- Naval jack of the United States (1859–1861) at the start of the U.S. Civil War
- Founded: October 13, 1775
- Country: United States
- Type: Navy
- Role: Sea control Maritime security
- Size: 84,415 personnel 671 vessels
- Part of: Department of the Navy
- Motto: "Semper Fortis" (English: "Always Courageous" (official))
- Colors: Blue and gold
- Anniversaries: 13 October

Commanders
- Commander-in-Chief: President Abraham Lincoln
- Secretary of the Navy: Gideon Welles
- Admiral in Chief: David Farragut

= Union navy =

United States Navy during the American Civil War

The Union navy is used to describe the United States Navy (USN) during the American Civil War, when it fought the Confederate States Navy (CSN). The term is sometimes used to describe vessels of war used on the rivers of the interior under the control of the Union army.

==Wartime missions==
The primary missions of the Union navy were:
1. Maintain the blockade of Confederate ports by restraining all blockade runners; declared by President Lincoln on April 19, 1861, and continued until the end of the Rebellion.
2. Meet in combat the war vessels of the CSN.
3. Carry the war to places in the seceded states inaccessible to the Union army but could be reached by water.
4. Support the Army by providing gunfire support, rapid transport, and communications on the interior rivers.
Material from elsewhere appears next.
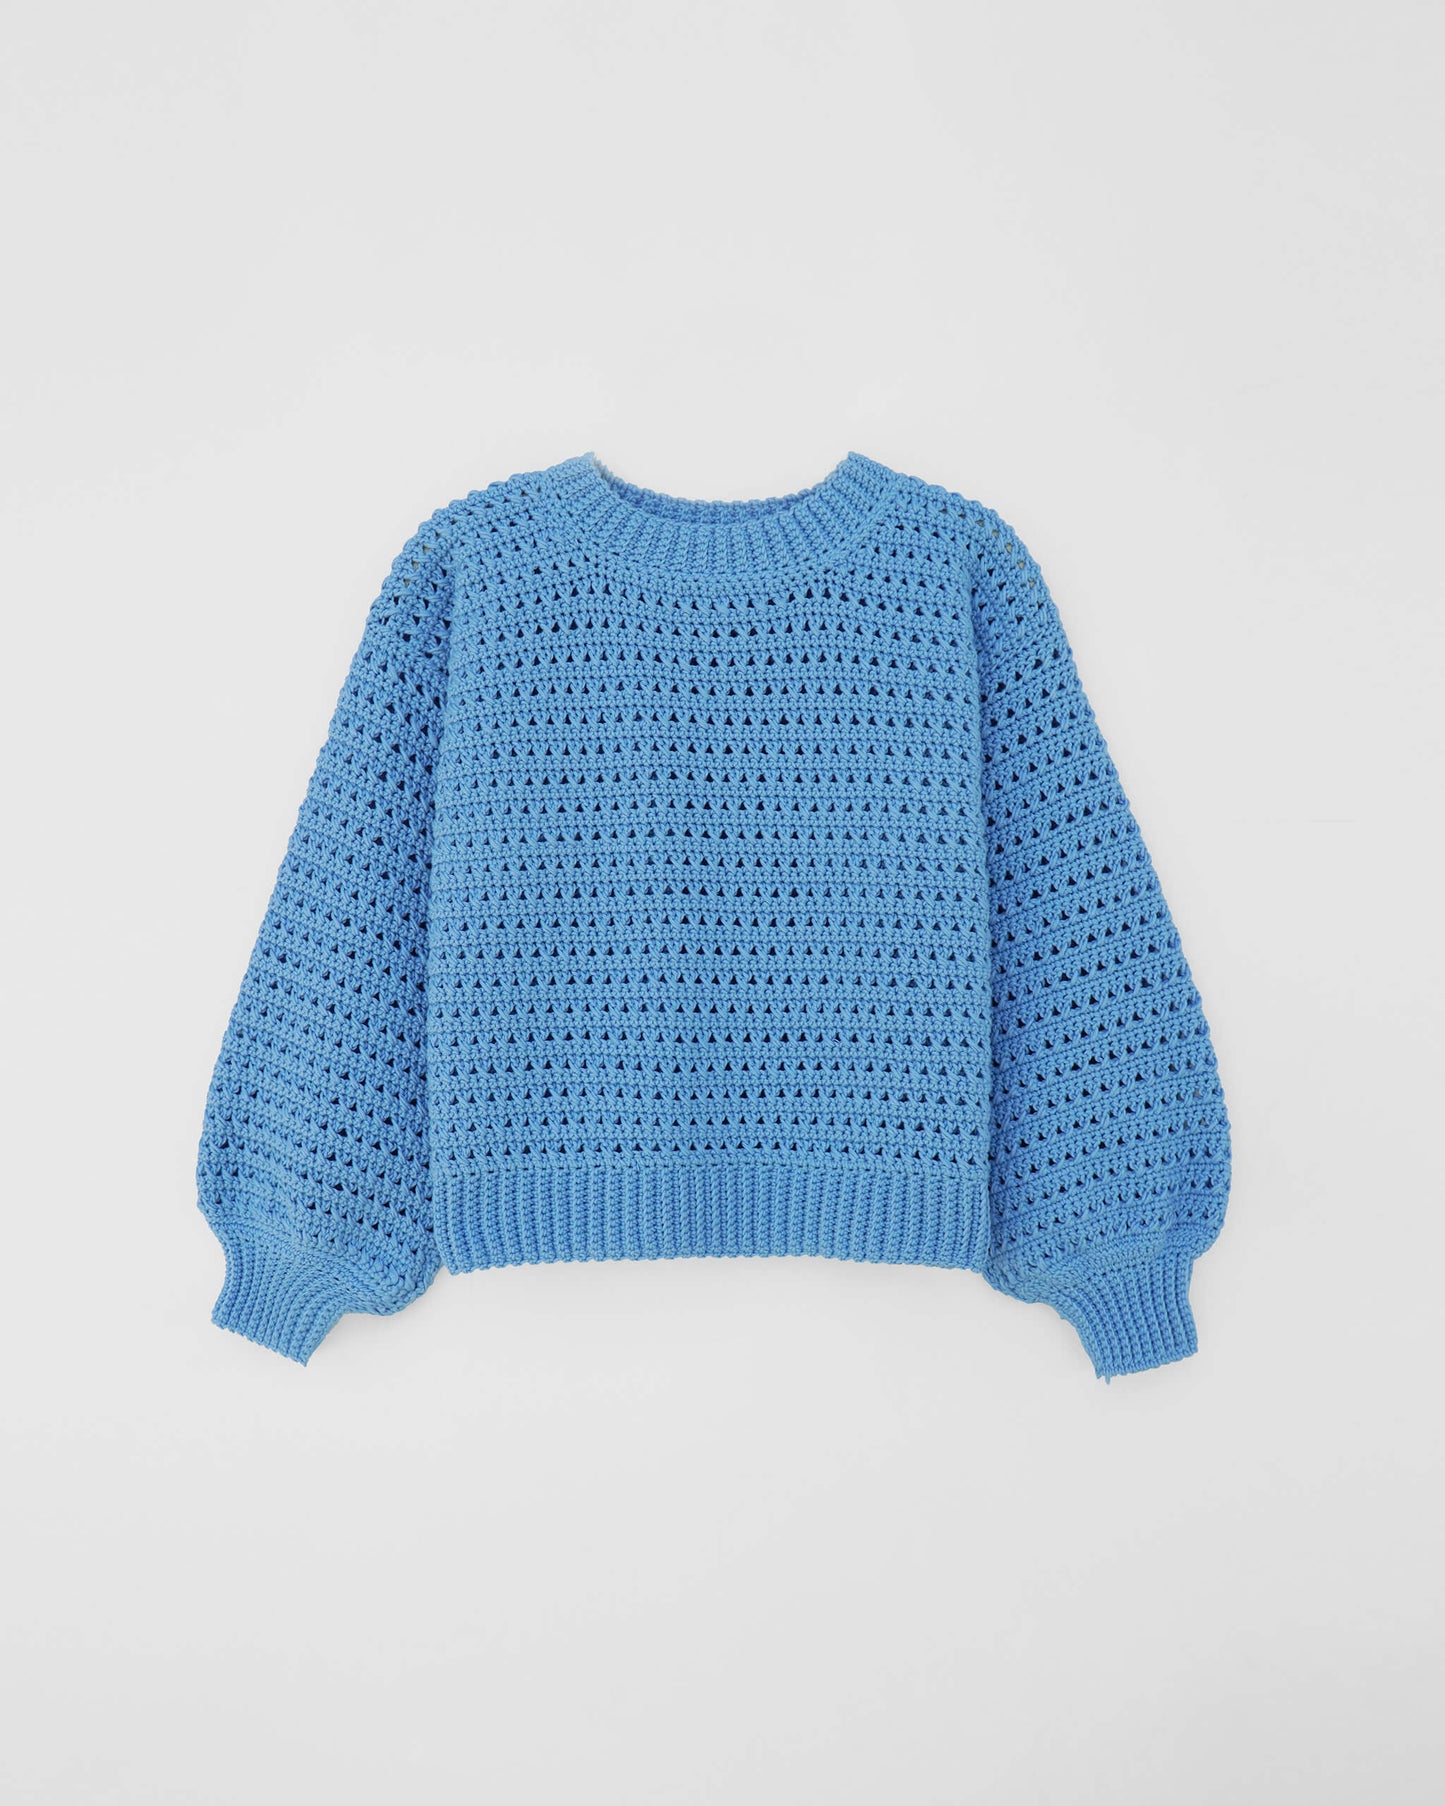 Easy crochet pattern
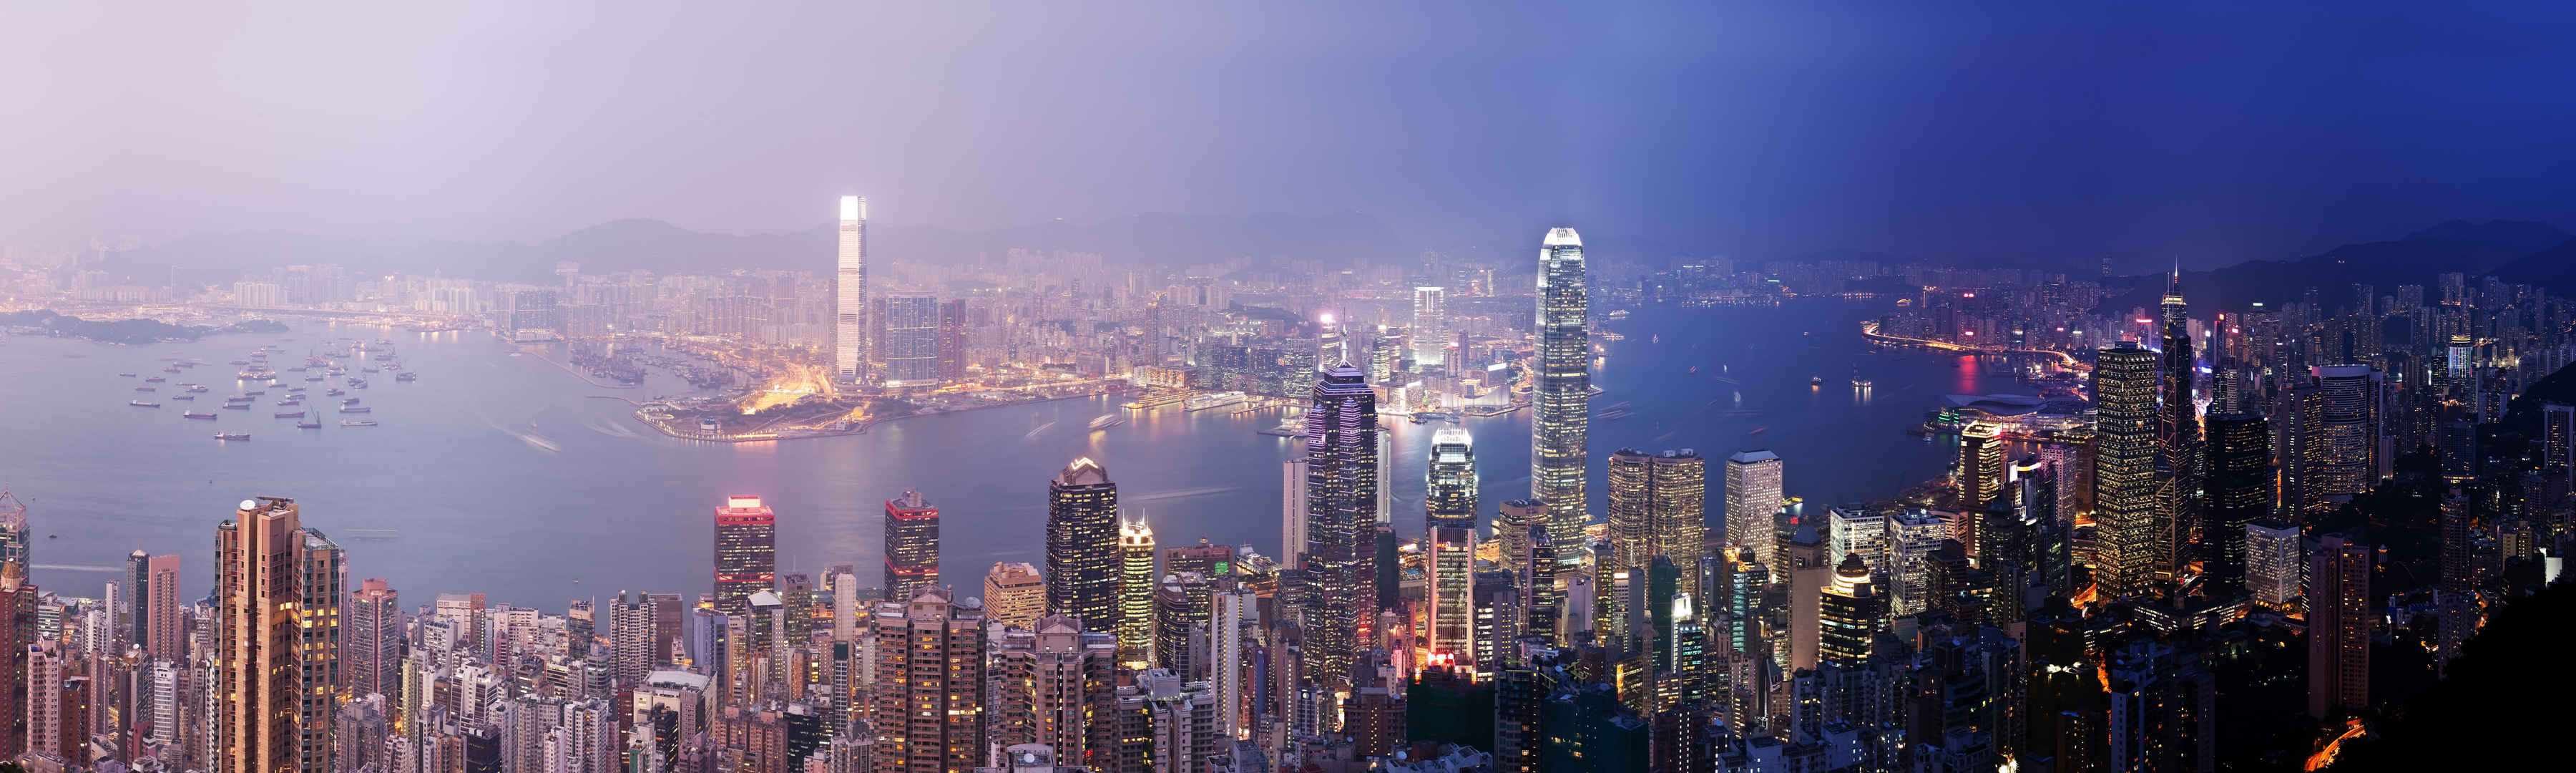 紫色天空香港全景图壁纸-

==Administrative organization==
The system of naval bureaus was revised in the summer of 1862. Some of the older bureaus were rearranged or had their names altered. The most radical change was the creation of the Bureau of Steam Engineering.
- Department of the Navy
- Secretary of the Navy, Gideon Welles
- Assistant Secretary, Gustavus Vasa Fox
  - Bureau of Yards and Docks
    - Bureau Chief, Joseph Smith
  - Bureau of Equipment and Recruiting
    - Bureau Chief, Andrew H. Foote, Albert N. Smith
  - Bureau of Navigation (United States Navy)
    - Bureau Chief, Charles H. Davis
  - Bureau of Ordnance
    - Bureau Chief, John A. Dahlgren, Henry A. Wise
  - Bureau of Construction and Repair
    - Bureau Chief, John Lenthall
  - Bureau of Steam Engineering
    - Bureau Chief, Benjamin F. Isherwood
  - Bureau of Provisions and Clothing
    - Bureau Chief, Horatio Bridge
  - Bureau of Medicine and Surgery
    - Bureau Chief, William Whelan

==Transformation==
To accomplish its wartime missions, the Union navy had to undergo a profound technical and institutional transformation. During the war, sailing vessels were completely supplanted by ships propelled by steam for combat purposes. Vessels of widely differing character were built from the keel up in response to peculiar problems they would encounter. Wooden hulls were first protected by armor plating and soon replaced by iron or steel throughout. Guns were reduced in number but increased in size and range; the reduction was partially compensated by mounting the guns in rotating turrets or pivoting the gun on a curved deck track so they could be turned to fire in any direction.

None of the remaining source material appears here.